Senator of Basses-Alpes
- In office 25 January 1885 – 16 April 1897
- Preceded by: Césaire du Chaffaut Joseph Eugène Michel
- Succeeded by: César Allemand

Personal details
- Born: 1 September 1828 Digne, Basses-Alpes, France
- Died: 16 April 1897 (aged 68) Digne, Basse-Alpes, France
- Occupation: Lawyer, politician

= Marius Soustre =

French lawyer and politician

Lazare Marius Arthur Soustre (1 September 1828 – 16 April 1897) was a French lawyer and committed Republican who was imprisoned for his resistance to the coup that brought Napoleon III to power. During the French Third Republic he was Deputy and then Senator for Basses-Alpes from 1881 to 1897.

==Early years==

Marius Arthur Soustre was born on 1 September 1828 in Digne, Basses-Alpes (now Alpes-de-Haute-Provence.
His parents were Charles Benoit Soustre (born 1800), an Inspector of Registration and Domains, and Marie Anne-Lazarine Aillaud (1808–1829).

During the French Second Republic (1848–51) he demonstrated against the July government, showing strong Republican opinions.
Soustre became an advocate.
He joined in the rebellion against the coup d'état of 2 December 1951, along with Charles Cotte and Prosper Allemand.
For health reasons he avoided deportation to Cayenne or Algeria, but was exiled and imprisoned in Toulouse.
The committee that ordered his imprisonment said, "There is no doubt that he is the leaders of the Digne Secret Society ... Wherever he is, he will pervert the workers with whom he will be in contact."

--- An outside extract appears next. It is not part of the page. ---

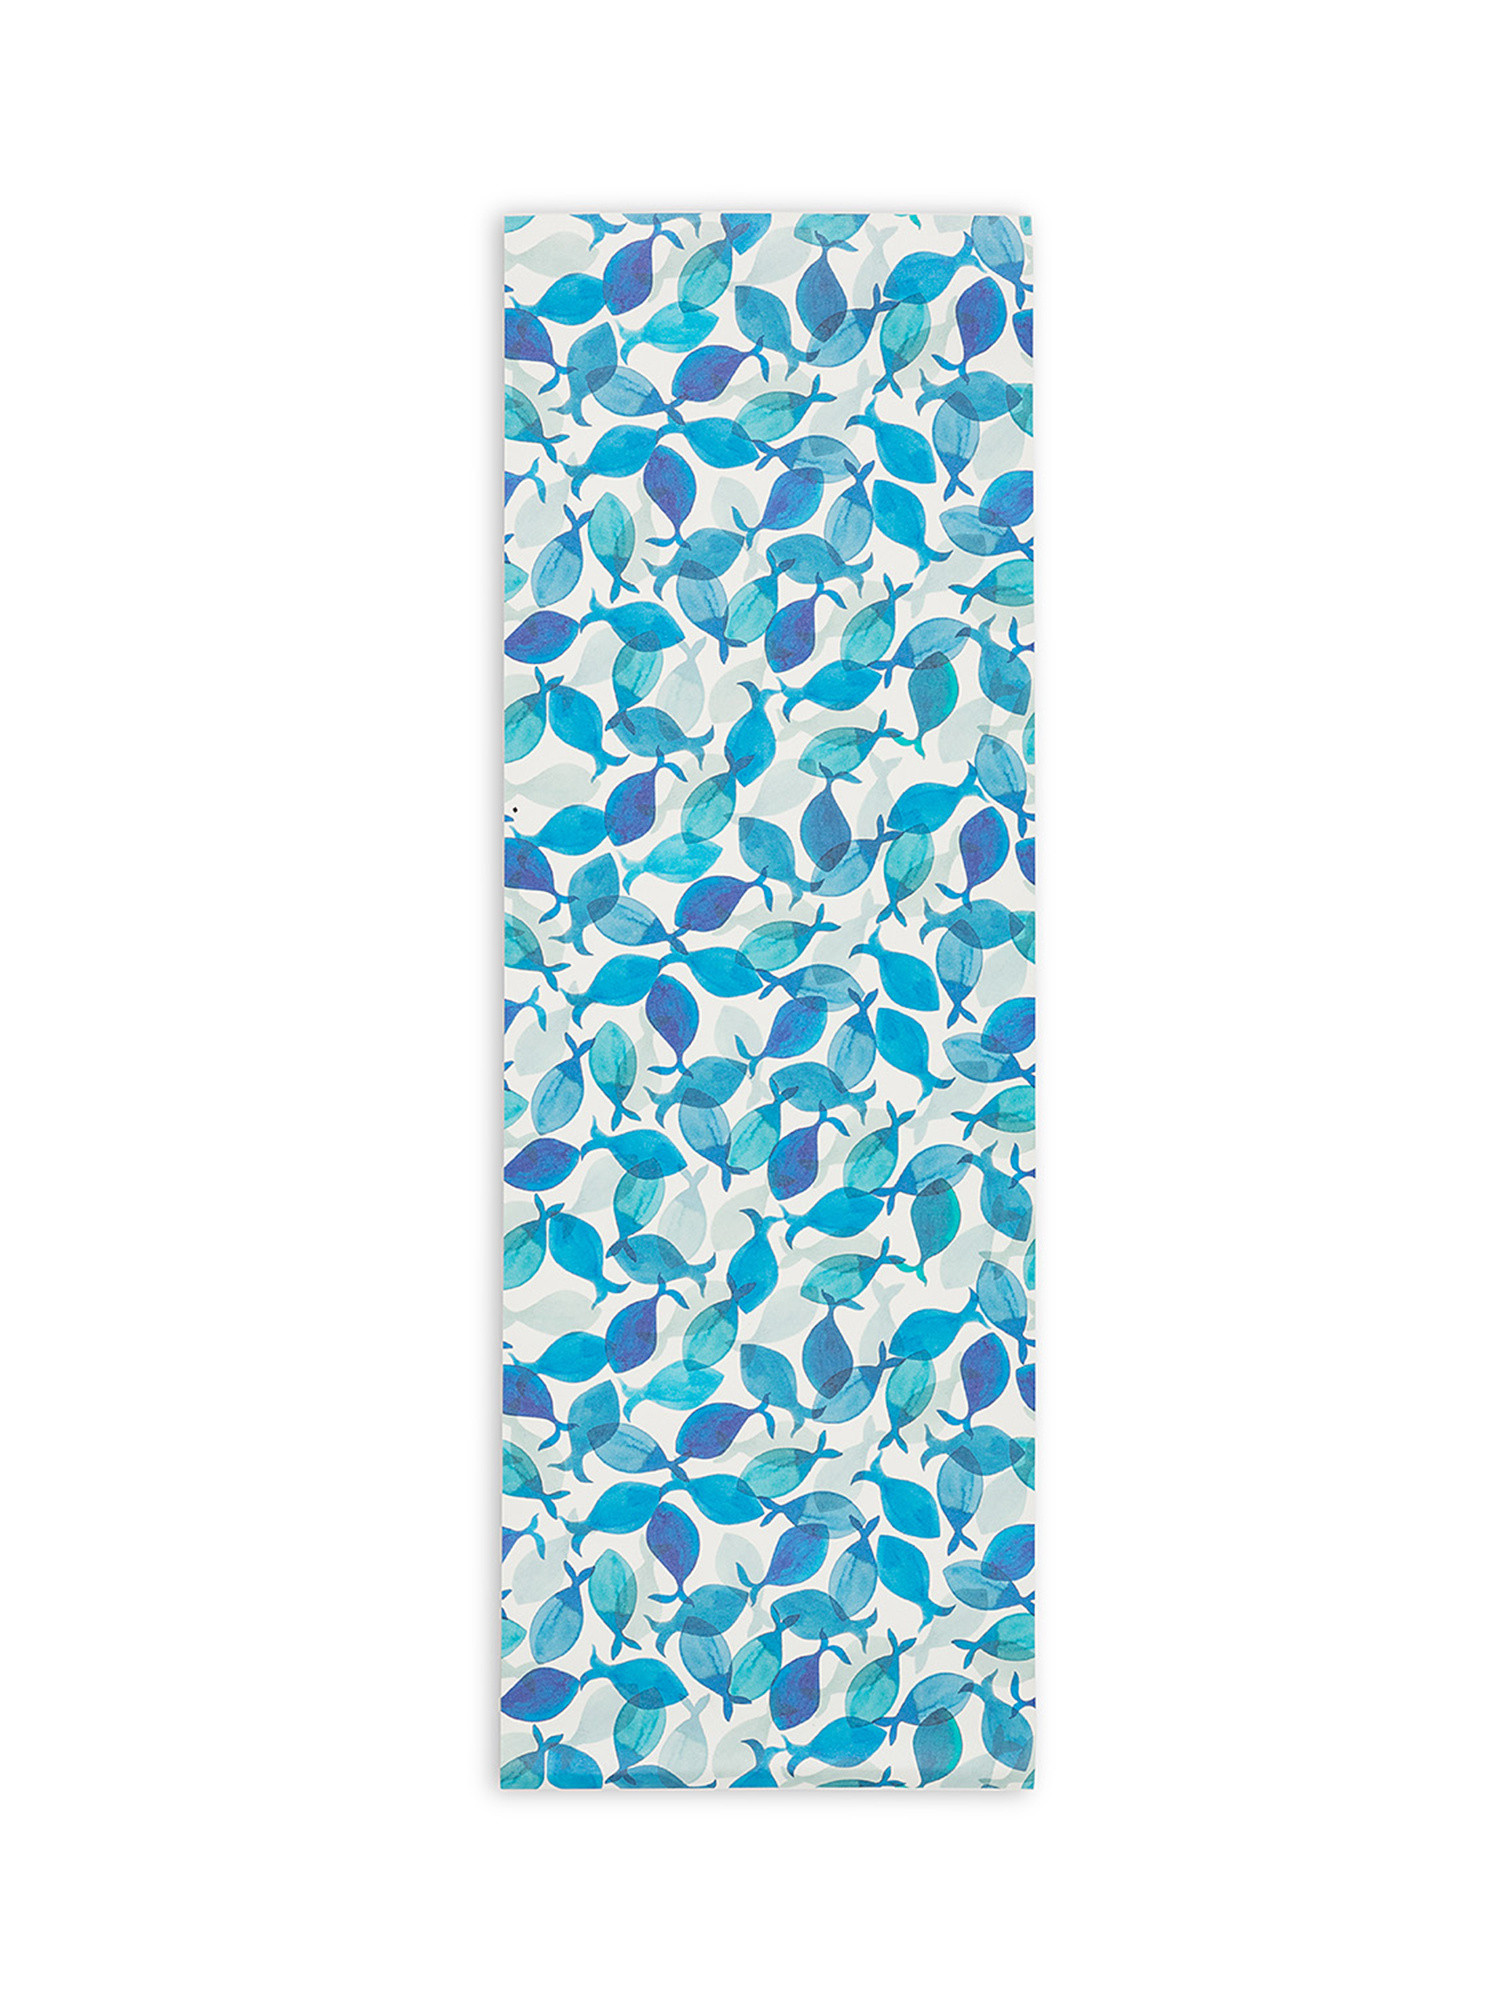 Tappeto da cucina PVC stampa pesci, Blu, large image number 0

Soustre was released with the amnesty of 1859.
He was forty-eight when the French Third Republic was declared on 4 September 1870.
On 10 September 1870 a provisional departmental committee was established in Digne with Charles Cotte, lawyer, as president and Marius Soustre,
propriétaire, as secretary.
Soustre was attached to the cabinet of the Prefect of Basses-Alpes, and assisted the prefects Esménard du Hazet and Casimir Bontour.
He campaigned for democracy in the Digne constituency and was elected general councilor.
He helped create electoral committees in each commune.
On 9 January 1881 he was elected mayor of Digne, a position he held until his death in 1897.

==National politics==

On 21 August 1881 Soustre ran for election to the National Assembly for the Digne constituency of Basses-Alpes on the Republican Union platform.
He was elected by 7,501 votes against 2,733 for the radical candidate, M. Proal.
He sat with the Opportunist Republicans majority.
He voted for credits for the Tonkin Campaign, against the separation of church and state, and for the school laws.
His term ended on 5 February 1885.

On 25 January 1885 Soustre was elected to the Senate for Besses-Alpes in the triennial renewal by 356 out of 439 votes.
He sat with the Republican majority, and did not speak.
He voted on 13 February 1889 for reinstatement of the single-name ballot.
He voted for the draft Lisbonne law restricting freedom of the press, and for high court proceedings against General Boulanger.
Soustre supported all measures for the defense of the Republic.
He was reelected on 7 January 1894 in the first round by 245 votes out of 421.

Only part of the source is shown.